• ABOUT THIS TASK: The listing below must be returned in full and unchanged, without the images it carries.

• DATASET EXTRACT:
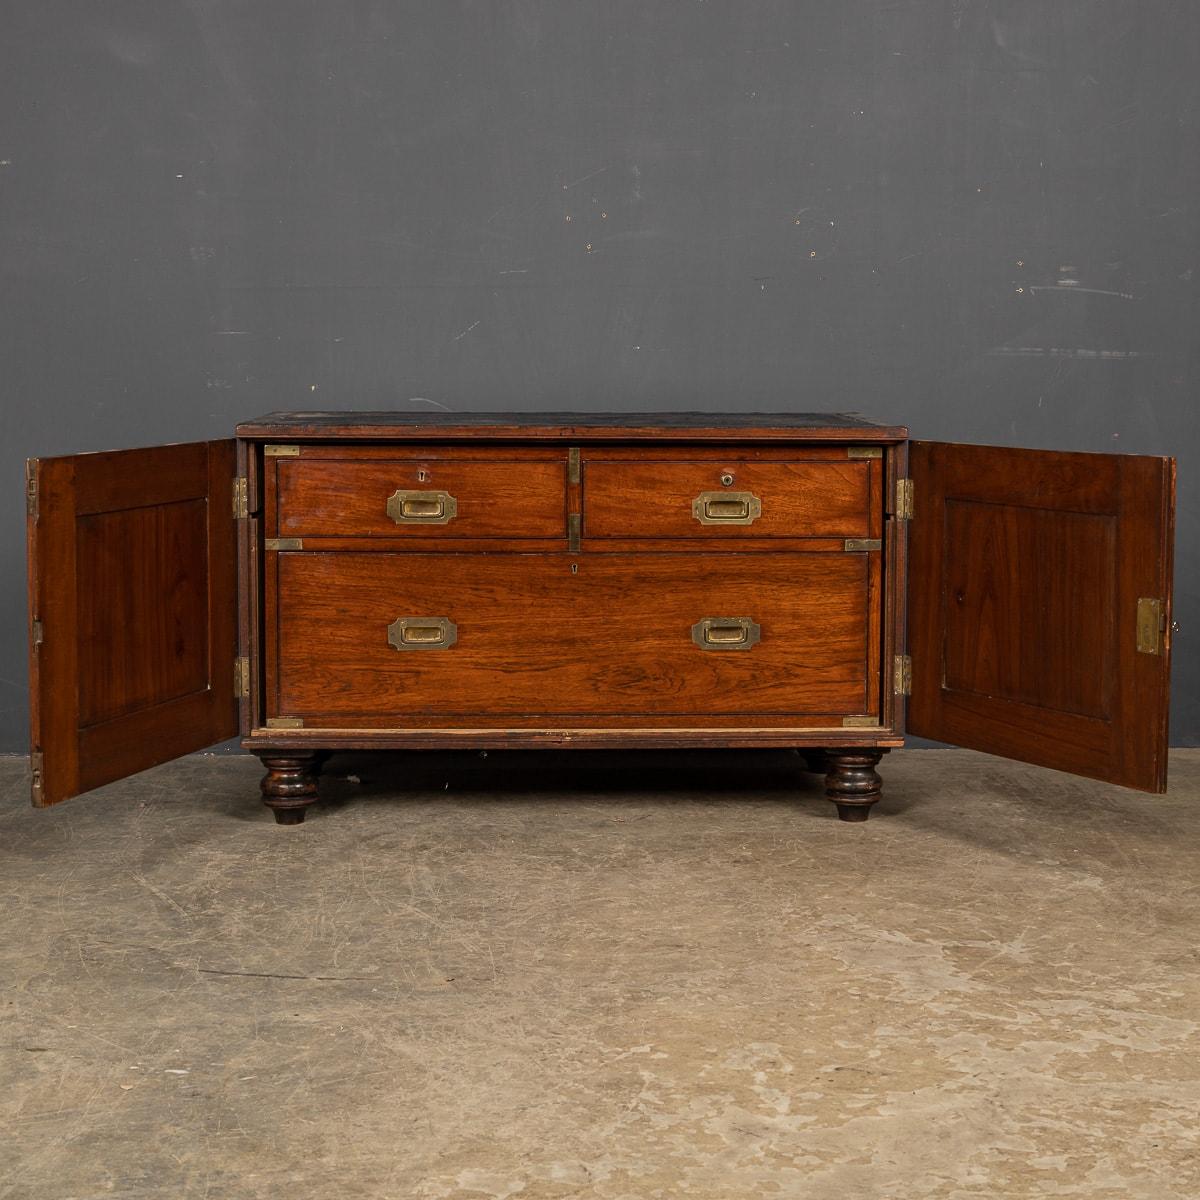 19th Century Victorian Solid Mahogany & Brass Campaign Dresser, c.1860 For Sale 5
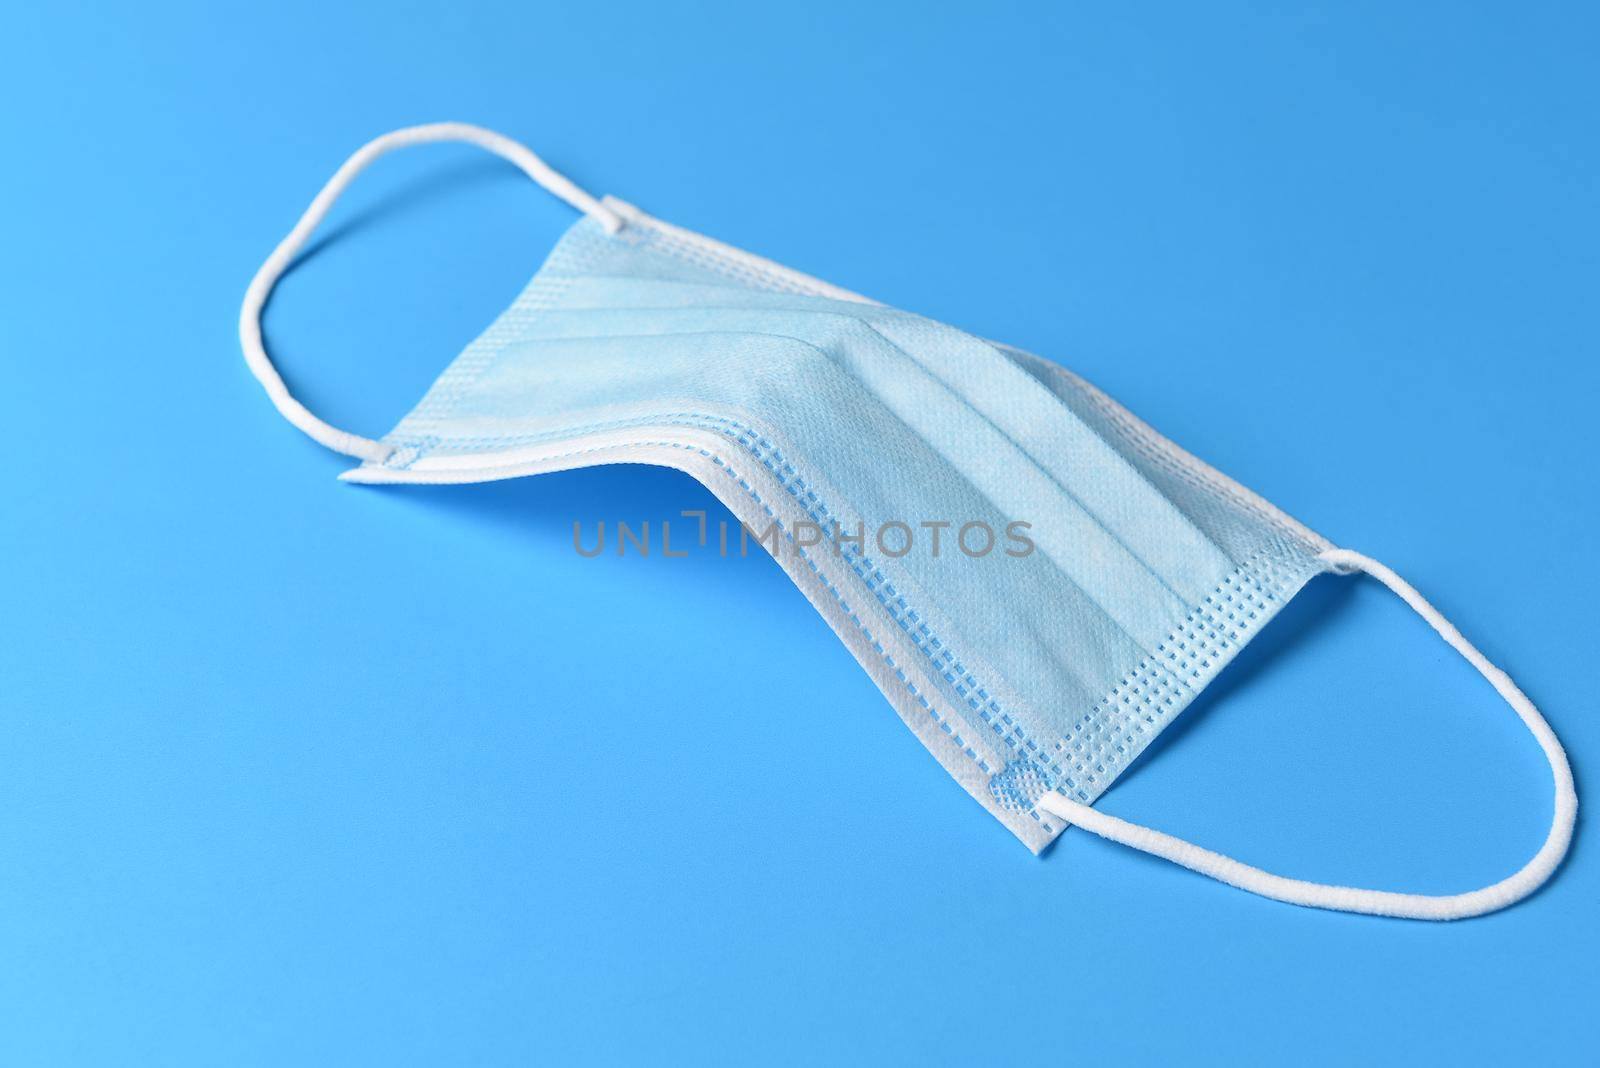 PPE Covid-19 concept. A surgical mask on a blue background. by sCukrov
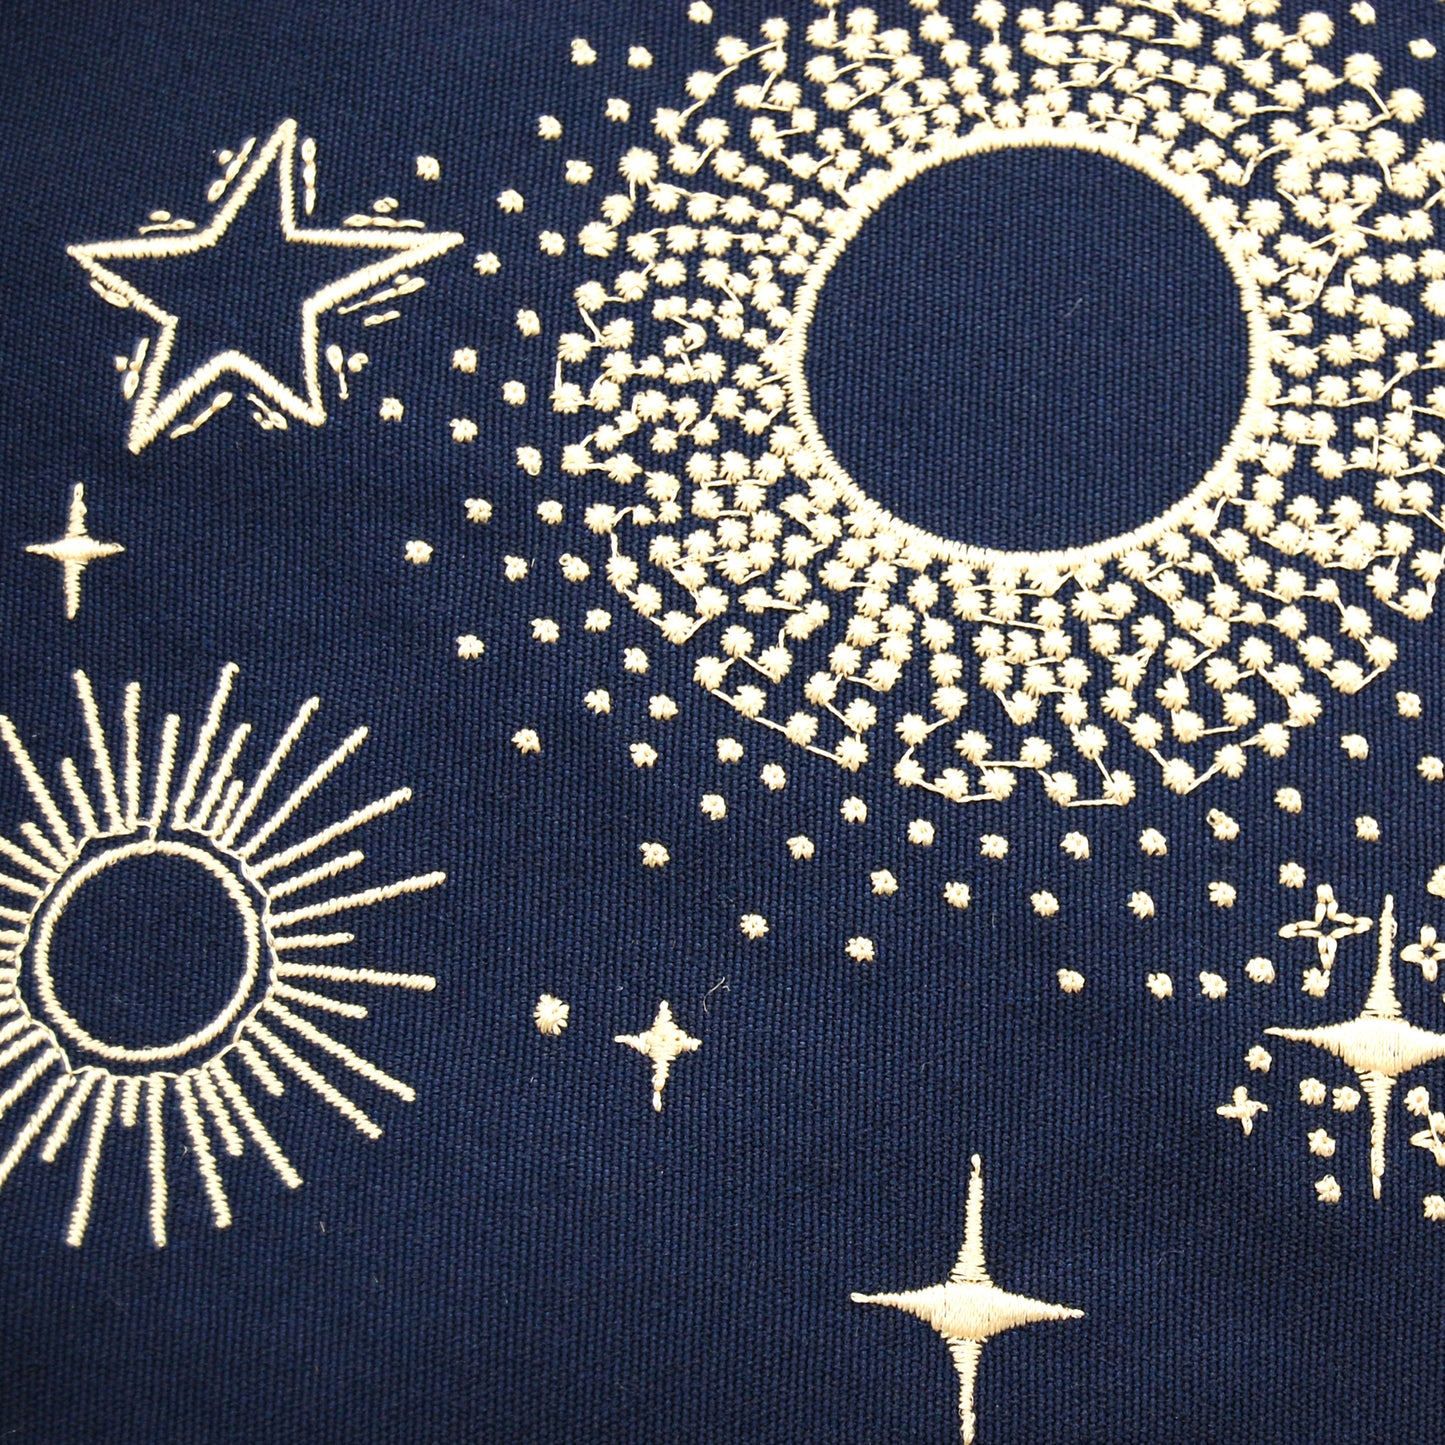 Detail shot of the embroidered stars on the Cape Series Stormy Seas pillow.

• ANSWER TO THE PROBLEM:
 19th Century Victorian Solid Mahogany & Brass Campaign Dresser, c.1860 For Sale 5
 PPE Covid-19 concept. A surgical mask on a blue background. by sCukrov
 Detail shot of the embroidered stars on the Cape Series Stormy Seas pillow.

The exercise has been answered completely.